Вопрос о Дмитрии Болеславовиче задал ему как-то один психиатр, изучавший процессы творчества. Тогда он ответил, что отец был «совершенно нормальным человеком». Ответил без тени надменности: это ведь завидное качество – быть нормальным человеком и каждое утро просыпаться с улыбкой. При всем том умер отец в расцвете лет: до пятидесяти не дожил. Трагедия для родных, для всех, кто его любил, но для самого Дмитрия Болеславовича, наверное, нет. Проживи он дольше – увидел бы, как загнивает революция, эта параноидная хищница. Впрочем, революция его не особо интересовала. Это, кстати, тоже было одним из отцовских достоинств.
Вдова осталась без средств к существованию, с двумя дочерьми и музыкально одаренным пятнадцатилетним сыном Митей. Софья Васильевна бралась за любую работу, чтобы прокормить детей. Устроилась машинисткой в Палату мер и весов, давала уроки музыки в обмен на продукты. Порой у него возникал вопрос: не начались ли их беды со смертью отца? Но верить в это не хотелось – так недолго и возложить вину на Дмитрия Болеславовича. А посему вернее было сказать, что в тот период все его беды удвоились. Сколько раз он согласно кивал в ответ на сказанные из лучших побуждений слова знакомых: «Ты теперь глава семьи». Эта фраза давила на него непомерным грузом долга и чужих ожиданий. А он, между прочим, всегда был слаб здоровьем: слишком хорошо знал, как прощупывают тело докторские руки, как тебя простукивают и прослушивают, что такое зонд, скальпель, санаторий. Он все ждал, когда же в нем разовьются хваленые мужские качества. Но знал за собой также и то, что легко отвлекается, что капризен и не всегда настойчив. А то бы ушел жить к Юргенсену.

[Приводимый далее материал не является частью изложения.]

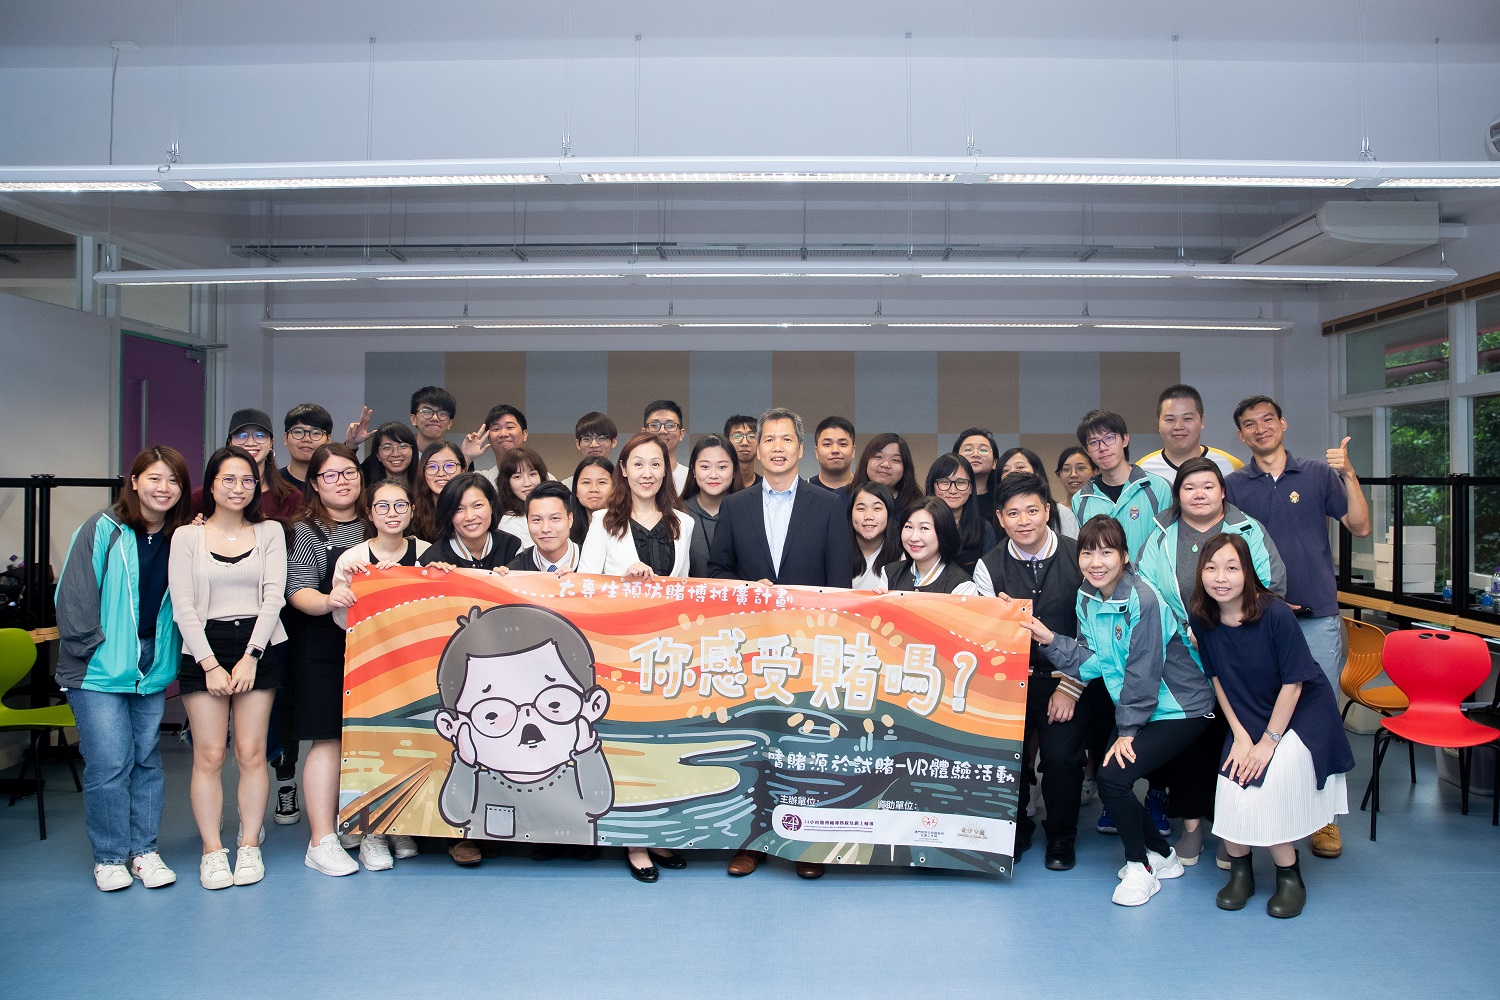 Sands China’s Responsible Gaming Ambassadors speak with students
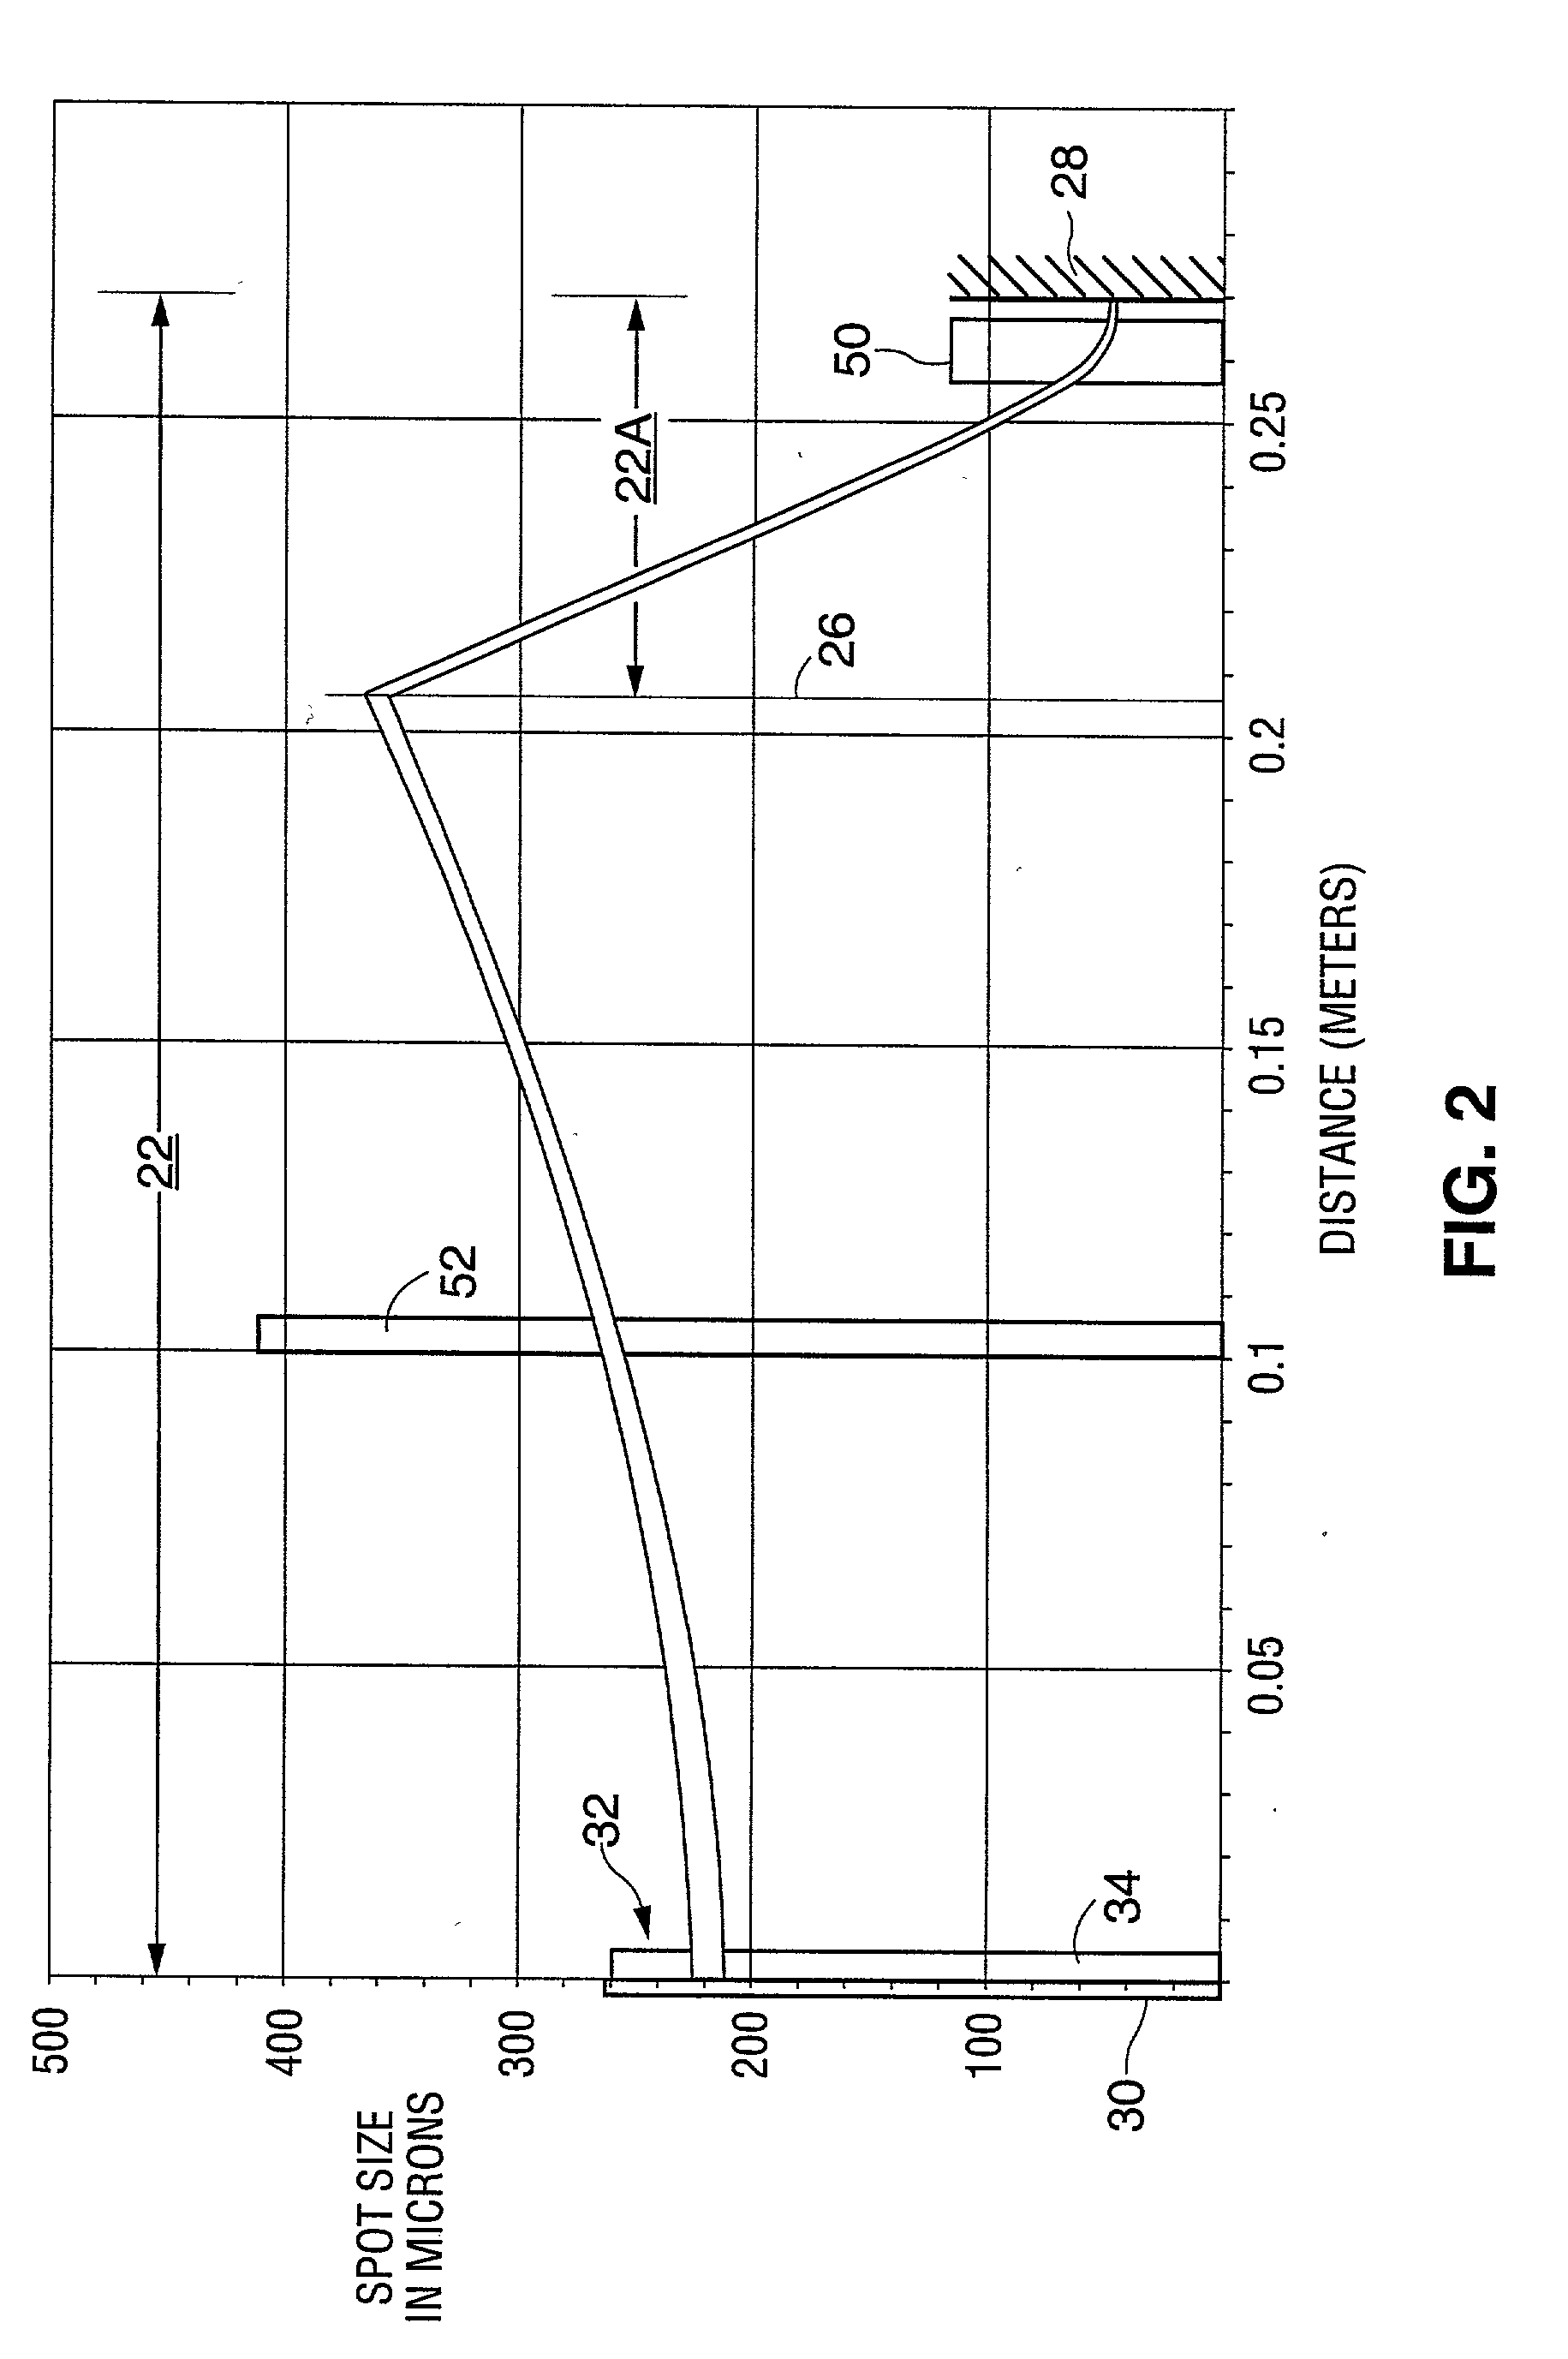 High-power external-cavity optically-pumped semiconductor lasers

Мама была несгибаемой женщиной, как в силу характера, так и в силу необходимости. Она его берегла, ради него устроилась на службу, возлагала на него все свои надежды. Конечно, он ее любил – а как же иначе? – но тут не обходилось без… трудностей. Сильные обычно идут напролом, а кто послабее – протискиваются боком. Отец, человек бесконфликтный, при столкновениях со своей благоверной и с житейской скверной прибегал к юмору и уклончивости. А посему сын, хотя и считал, что превосходит решимостью Дмитрия Болеславовича, редко шел против материнской воли.
Хотя и знал, что мама читает его дневники. Он выбирал какую-нибудь дату, скажем, за месяц вперед, и вписывал: «Самоубийство». Или: «Женитьба».
Мама тоже знала, чем припугнуть. Всякий раз, когда он порывался уйти из дома, Софья Васильевна говорила близким, причем неизменно в его присутствии: «Только через мой труп».
Ни мать, ни сын не знали наверняка о серьезности намерений друг друга.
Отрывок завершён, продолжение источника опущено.